翌年の「権利の宣言(Bill of Rights, 1689)」によって、議会主権・法の支配・国王の責任が制度として明文化されました。
このとき、イギリス社会の土台にはすでに封建制の「契約」「合意」「法の原理」が存在していました。
つまり、立憲政治とはまったく新しい制度ではなく、封建制の契約精神が成熟した最終形だったのです。
このように見れば、イギリスの近代化は“断絶”ではなく“連続”の上に成り立っている。
封建制がもたらした「合意の政治」が、やがて自由と立憲主義の社会を生み出した――
まさにヨーロッパ史の中でも異例の発展でした。
5. フランスとの対照 ― 同じ封建制、逆の近代
観点 | フランス | イギリス |
---|---|---|
王権の出発点 | 弱い(地方諸侯が強い) | 強い(王が全国を支配) |
封建制の発展 | 王の再統合 → 絶対王政 | 王の制限 → 立憲政治 |
権力と法の関係 | 王が法を作る | 王も法に従う |
結果 | 国家主権(王=国家) | 議会主権(法=国家) |
同じ封建制でも、フランスは「弱さの克服」から国家を作り、イギリスは「強さの抑制」から自由を作った。
封建制の二つの矛盾が、二つの近代国家を生んだのです。
イギリスの封建社会は、王が強く制度を整えた社会として始まり、その強さが制限を呼び、やがて法と議会による政治へと進化した。
封建制とは、単なる中世の遺物ではなく、「法と契約に基づく統治」の出発点だったのである。
フランスが絶対王政を生んだのに対し、イギリスは封建制の内部から立憲政治を育てた――
それがイギリス史最大の逆説であり、近代世界の原点でもあった。
第4章:封建制が生んだ二つの近代 ― 絶対王政と立憲政治
同じ封建制を母胎としながら、フランスとイギリスはまったく逆の近代国家を生み出しました。

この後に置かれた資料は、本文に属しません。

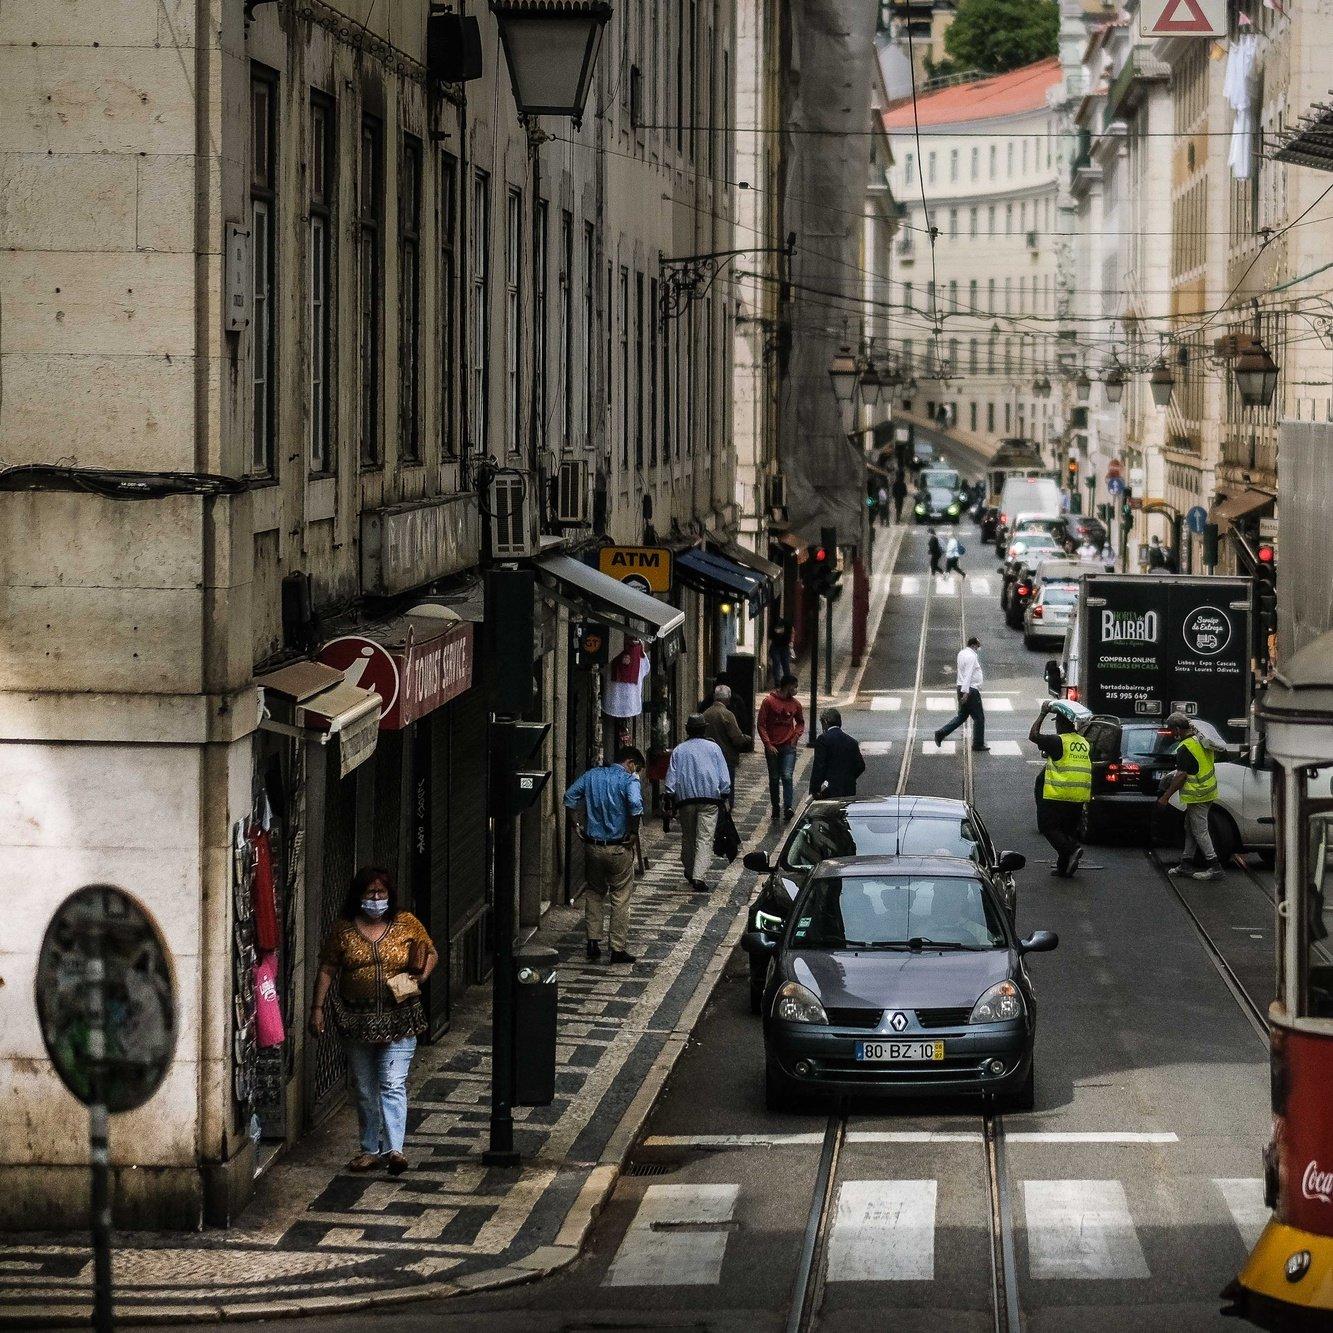 Pessoas caminham para Baixa de Lisboa, 18 de junho de 2021. O Governo decidiu proibir as deslocações de e para a Área Metropolitana de Lisboa (AML) no fim de semana devido à subida dos casos de covid-19 neste território. MÁRIO CRUZ/LUSA
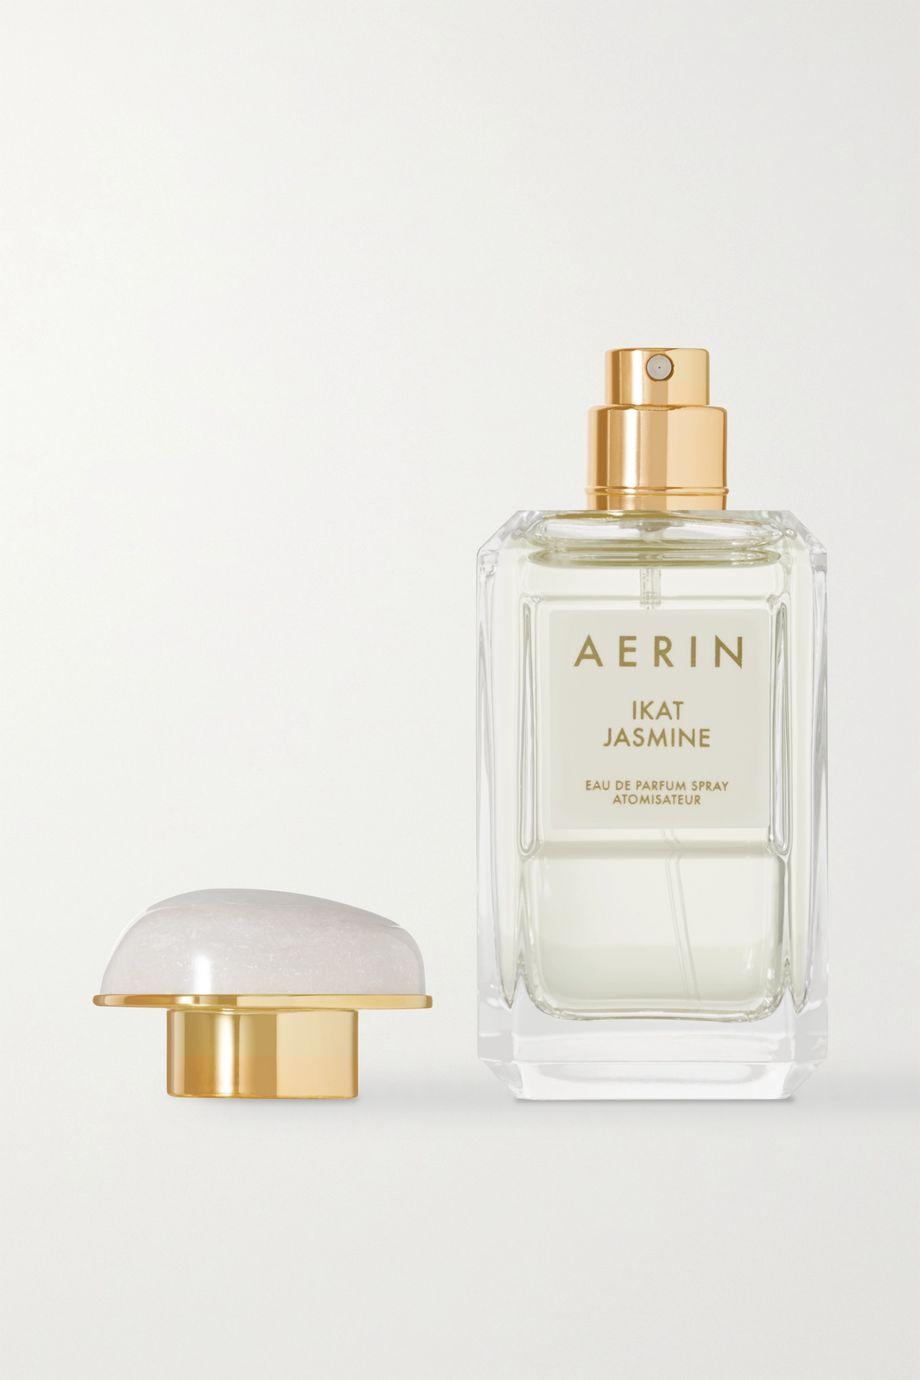 AERIN Beauty Ikat Jasmine Eau de Parfum - Jasmine Sambac & Tuberose Infusion, 50ml

フランスでは、地方分権の克服から王権の集中へと進み、絶対王政が成立。
イギリスでは、王権の制限から立憲政治が確立しました。
この最終章では、両国の封建制を比較し、それぞれの社会がどのように「国家の統合」と「自由の制度化」という異なる近代を実現したのかを整理します。
封建制を「終わった制度」ではなく、ヨーロッパ近代を準備した土台としてとらえ直します。
1. 同じ出発点、正反対の結末
中世ヨーロッパの政治体制は、どの国も封建制を基盤としていました。
しかし、フランスとイギリスはその同じ出発点から、まったく異なる歴史的帰結をたどります。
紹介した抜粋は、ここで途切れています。